Circulating plasma levels of cytokines and chemokines were measured using the Luminex Human Magnetic Assay kit 45 Plex (R & D systems) using the BioRad Luminex multiplex ELISA platform. The lowest detection limits for cytokines were as follows: IFNγ, 5.7 pg/mL; IL-2, 3.6 pg/mL; TNFα, 12.4 pg/mL; IL-17A, 9 pg/mL; IL-6, 9.0 pg/mL; IL-12, 18.5 pg/mL; IL-1α, 10.6 pg/mL; IL-1β, 3.5 pg/mL; IL-4, 1.1 pg/mL; IL-5, 6.2 pg/mL; IL-10, 32.2 pg/mL; IL-13, 31.8 pg/mL; IL-25, 18.4 pg/mL; IL-33, 13.8 pg/mL; IFNα, 3.9 pg/mL; IFNβ 3.25 pg/mL; IL-3, 17 pg/mL; IL-7, 3.5 pg/mL; GM-CSF, 18.4 pg/mL; IL-1Ra, 11.7 pg/mL. The lowest detection limits for chemokines were as follows: CCL2, 5.9 pg/mL; CCL3, 5.1 pg/mL; CCL4, 103.8 pg/mL; CCL5, 297 pg/mL; CXCL1, 19.1 pg/mL; CXCL2, 21.1; CXCL10, 2.6 pg/mL and CX3CL1, 188 pg/mL.

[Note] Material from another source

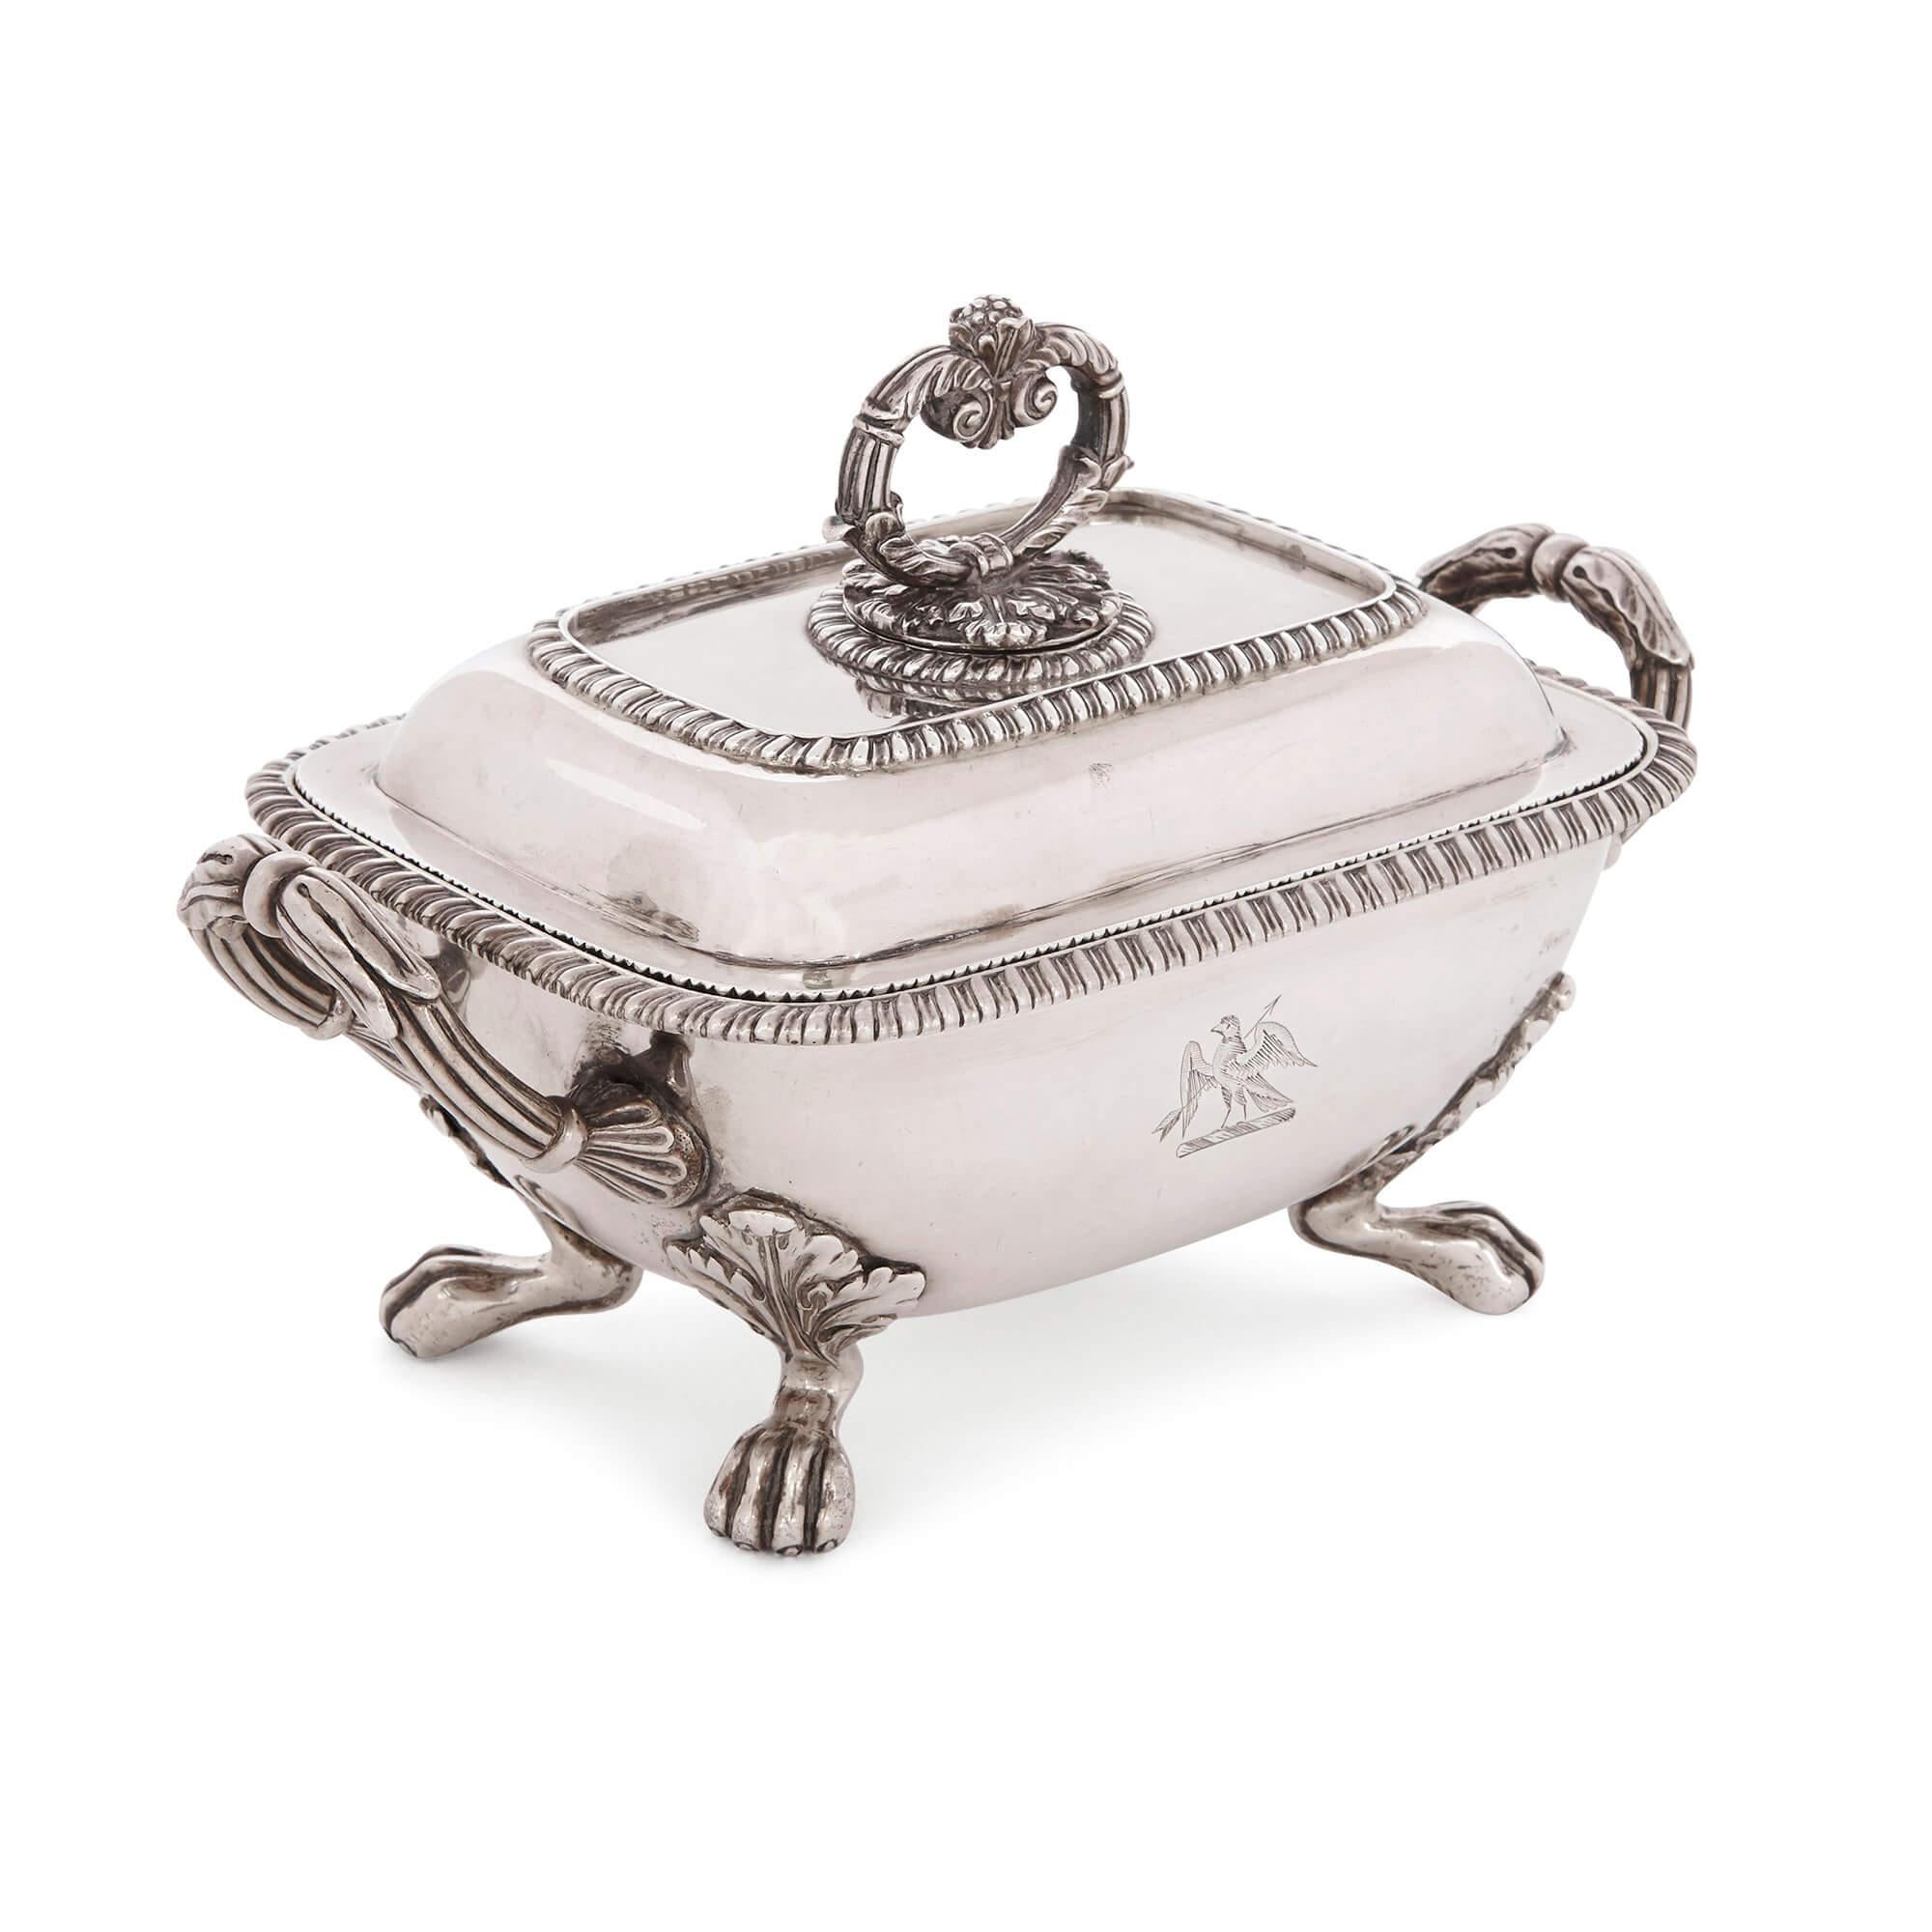 Rebecca Emes is one of the most prominent English silversmiths of the late 18th and early 19th century. Together with her business partner, Edward Barnard I, Emes is responsible for the beautiful design and exceptionally fine work of these four

Geometric means (GM) were used for measurements of central tendency. Covaxin vaccinated group at day 0 (M0), month 1 (M1), month 2 (M2) and month 3 (M3) groups were analysed using Kruskal Wallis test one-way ANOVA Multiple comparisons were performed using Graph-Pad PRISM Version 9.0. Principal component analysis (PCA) was done using statistical software JMP 14.0 (SAS, Cary, NC, USA).
The study was approved by the Ethics Committee of ICMR-NIRT (NIRT-IEC No:2021007). Informed written consent was received from all study individuals.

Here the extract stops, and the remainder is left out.